Supplied data:
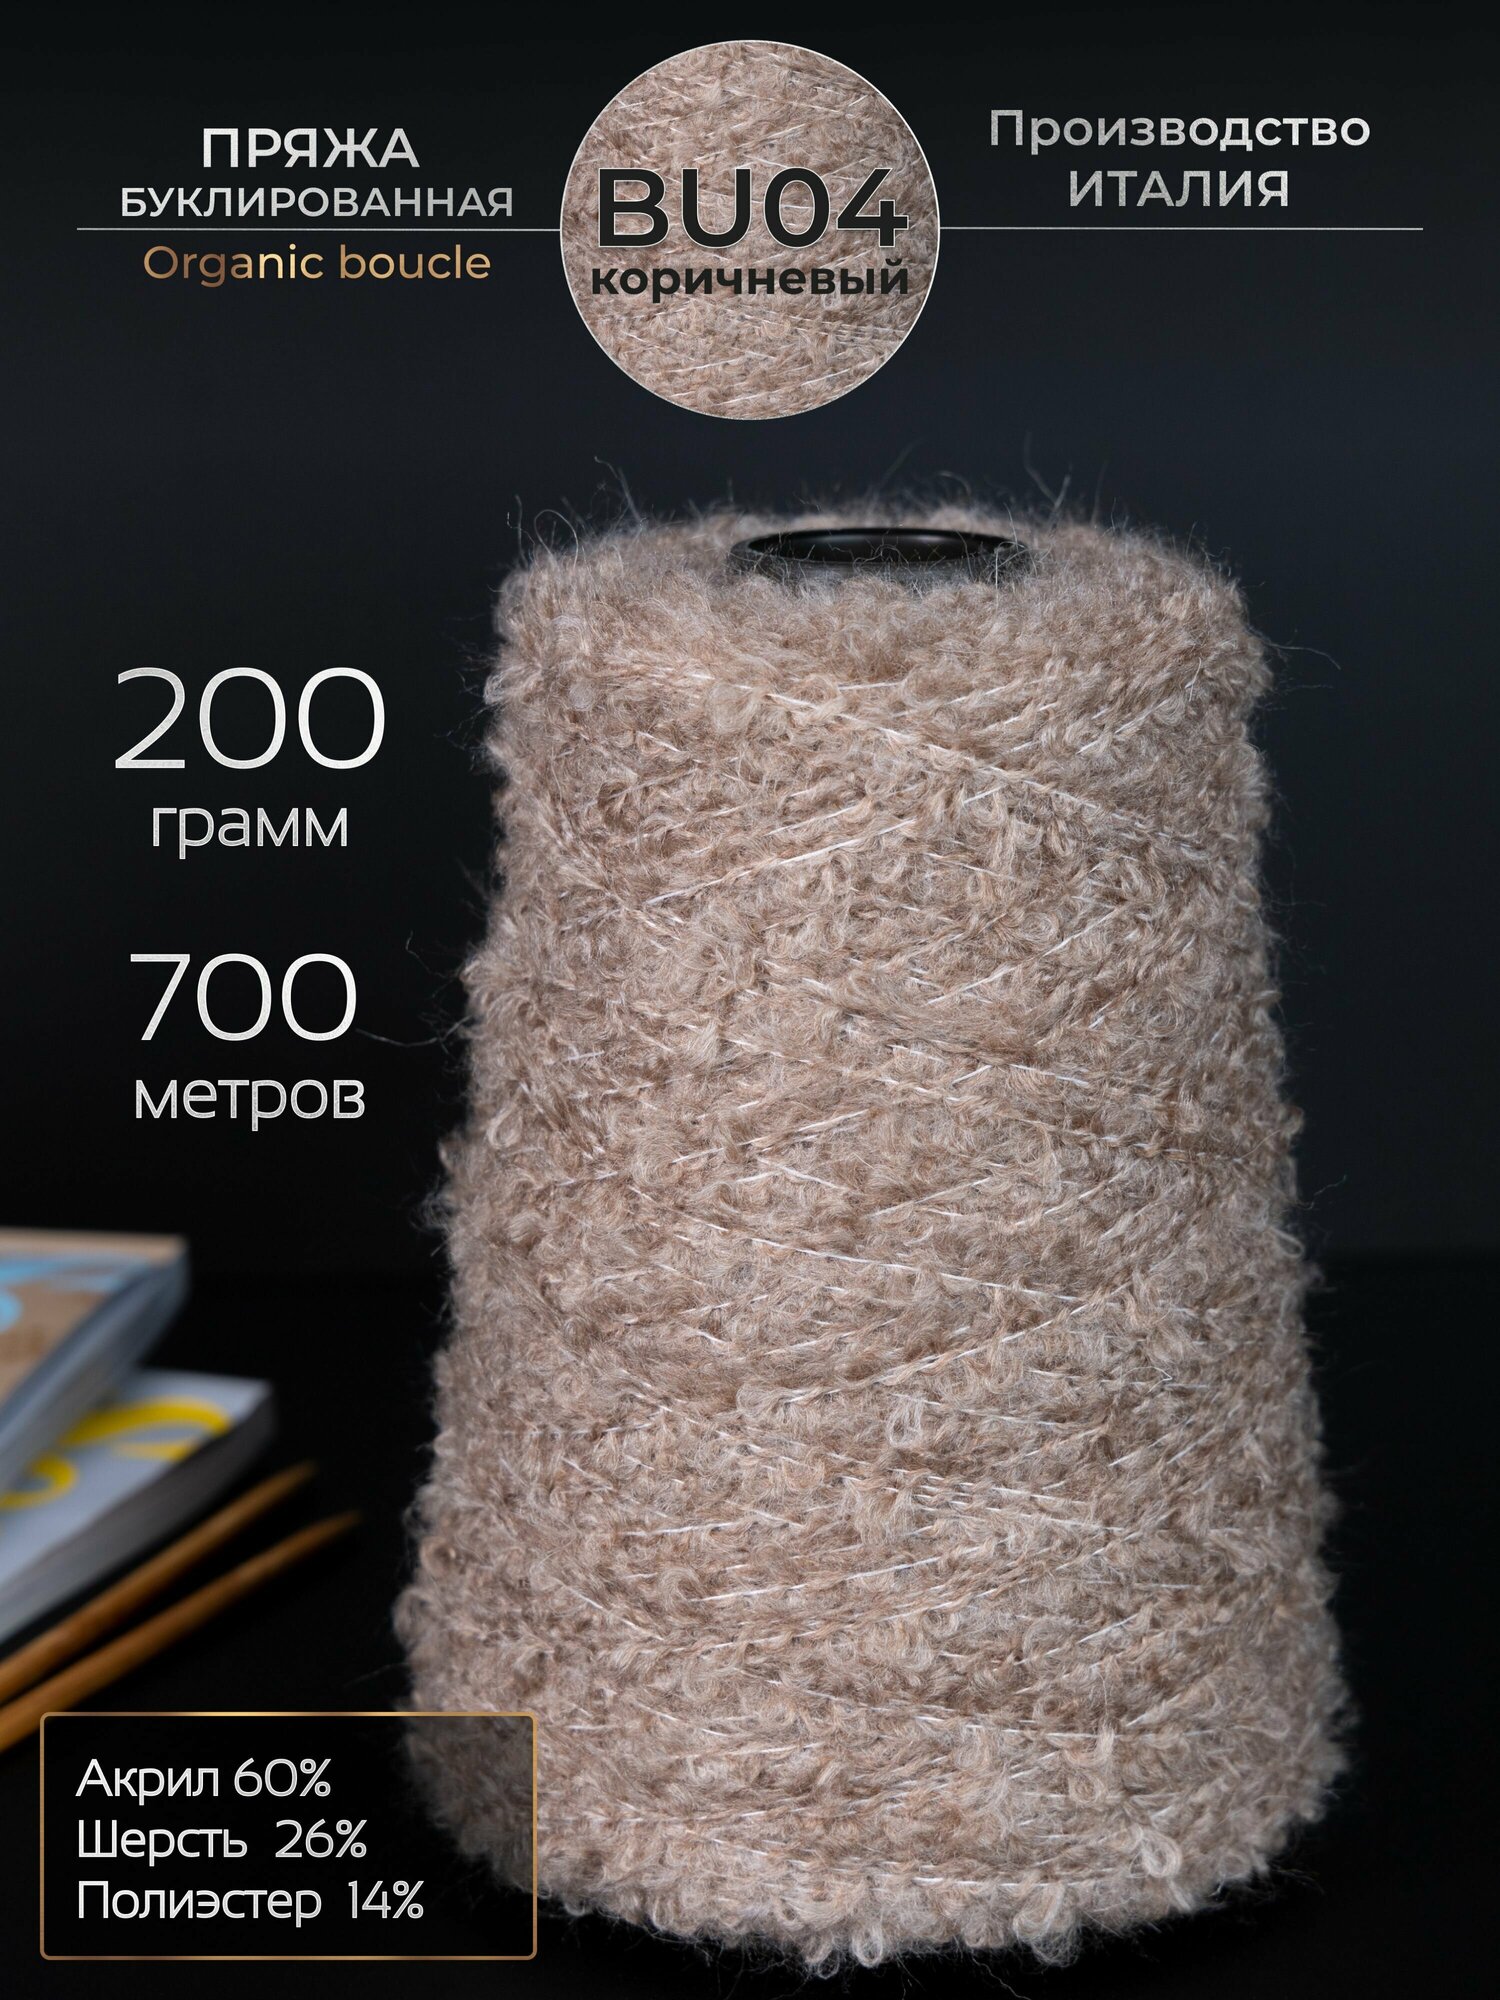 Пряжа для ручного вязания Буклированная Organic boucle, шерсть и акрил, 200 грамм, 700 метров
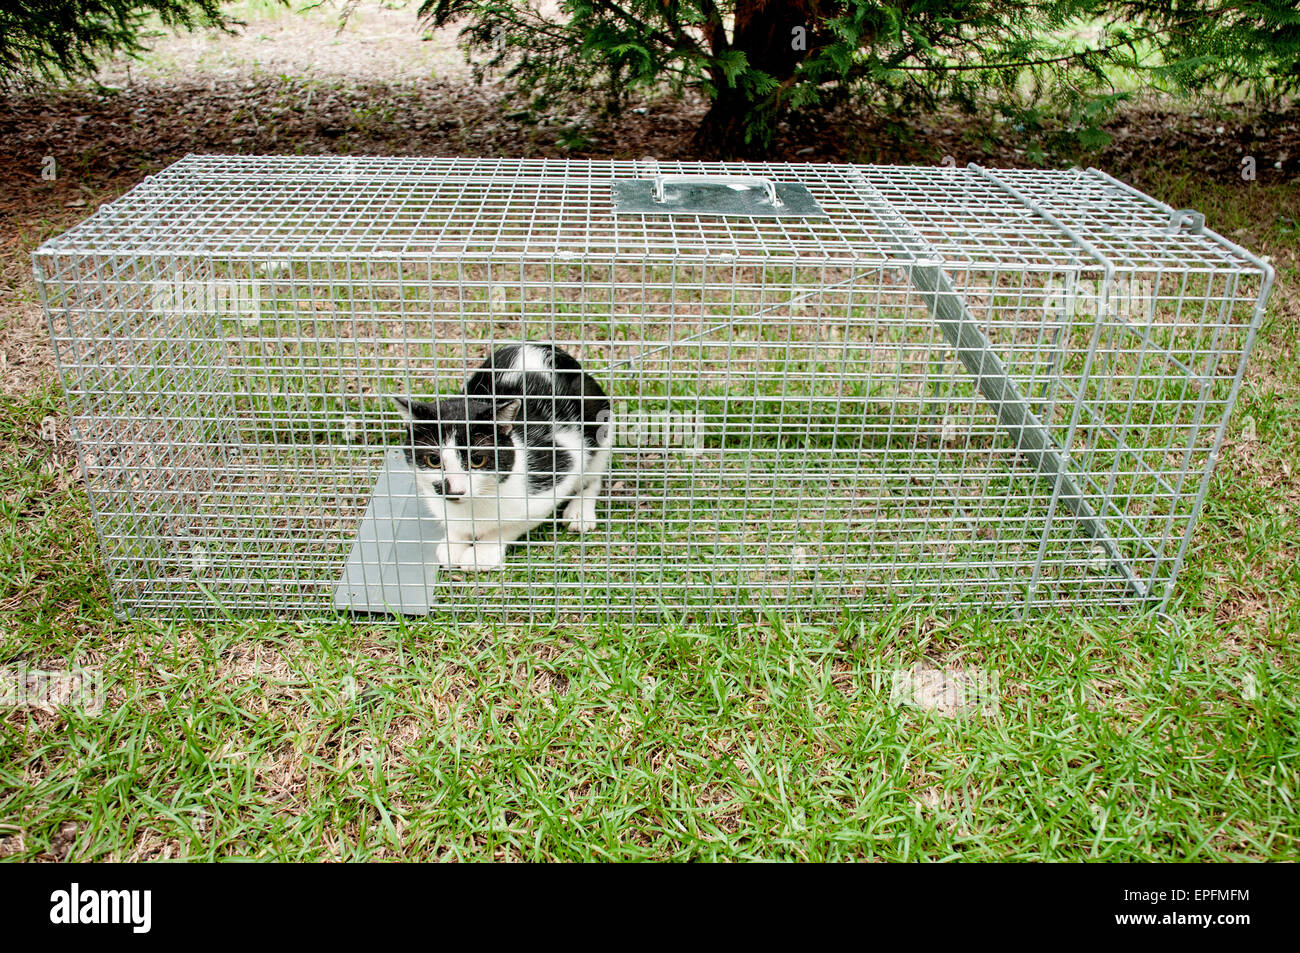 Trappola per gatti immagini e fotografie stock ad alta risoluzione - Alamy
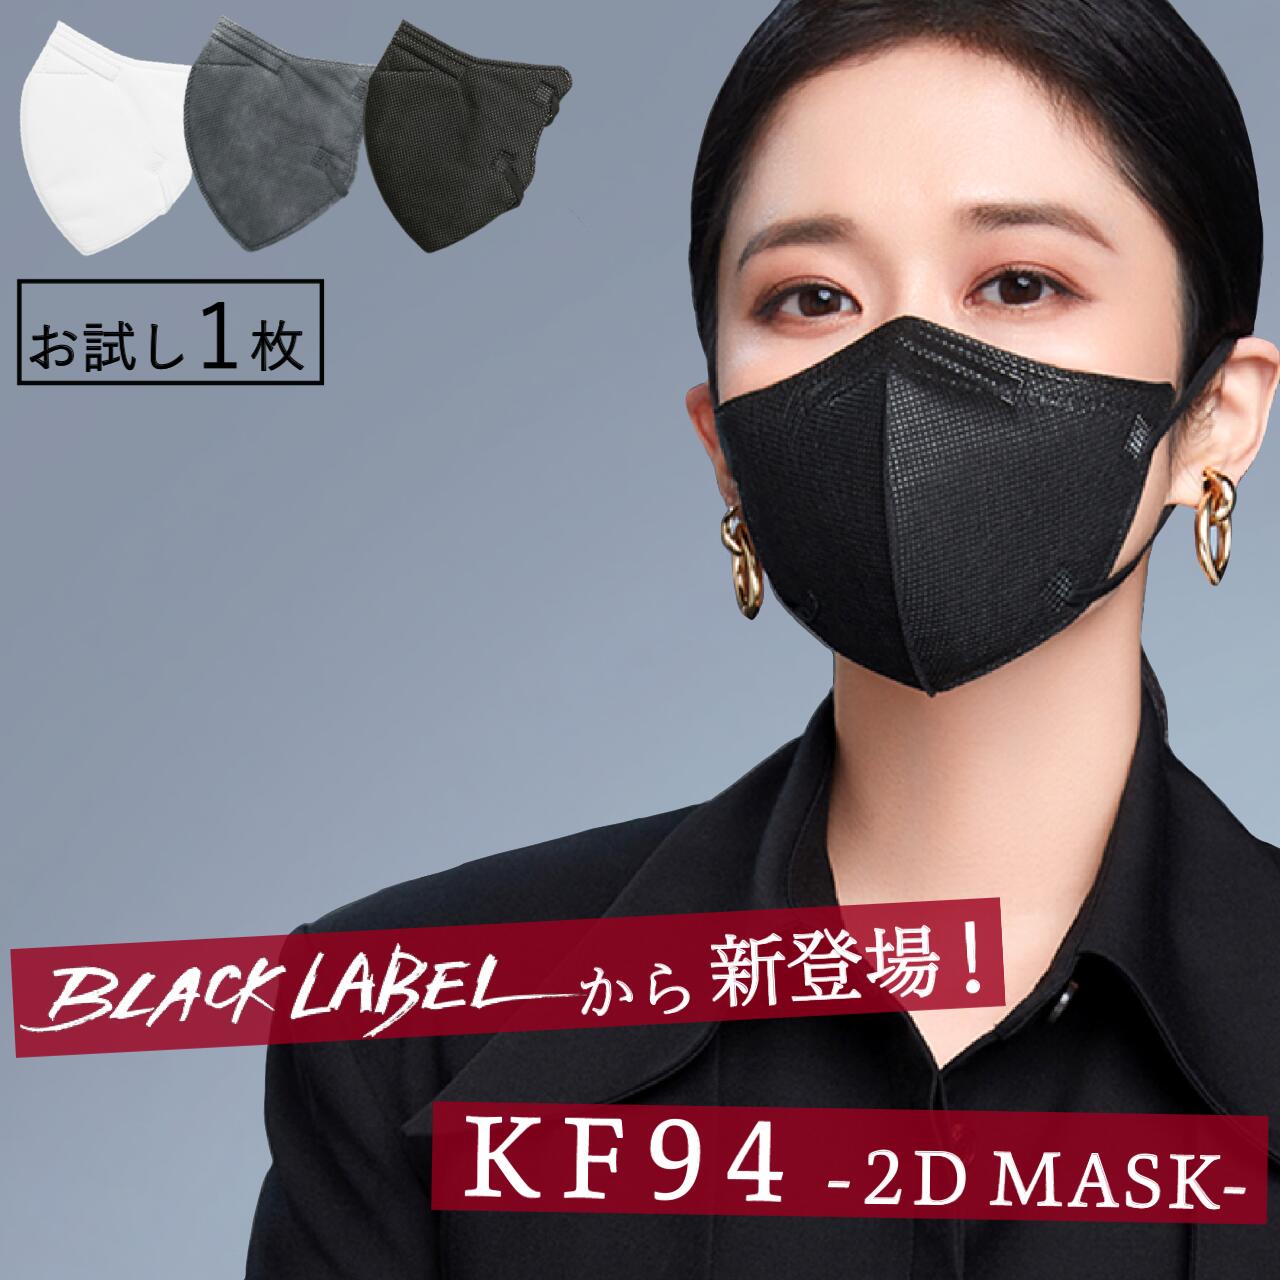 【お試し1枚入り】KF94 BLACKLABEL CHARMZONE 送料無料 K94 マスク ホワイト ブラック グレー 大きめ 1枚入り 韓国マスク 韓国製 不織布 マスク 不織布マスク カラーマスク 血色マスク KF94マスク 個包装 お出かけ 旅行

Exercise directions: What you give back should be exactly the lines from the line holding "Trappola per gatti" through the final line of the material, both ends included, and please leave out the pictures.

Result:
 Trappola per gatti immagini e fotografie stock ad alta risoluzione - Alamy
 【お試し1枚入り】KF94 BLACKLABEL CHARMZONE 送料無料 K94 マスク ホワイト ブラック グレー 大きめ 1枚入り 韓国マスク 韓国製 不織布 マスク 不織布マスク カラーマスク 血色マスク KF94マスク 個包装 お出かけ 旅行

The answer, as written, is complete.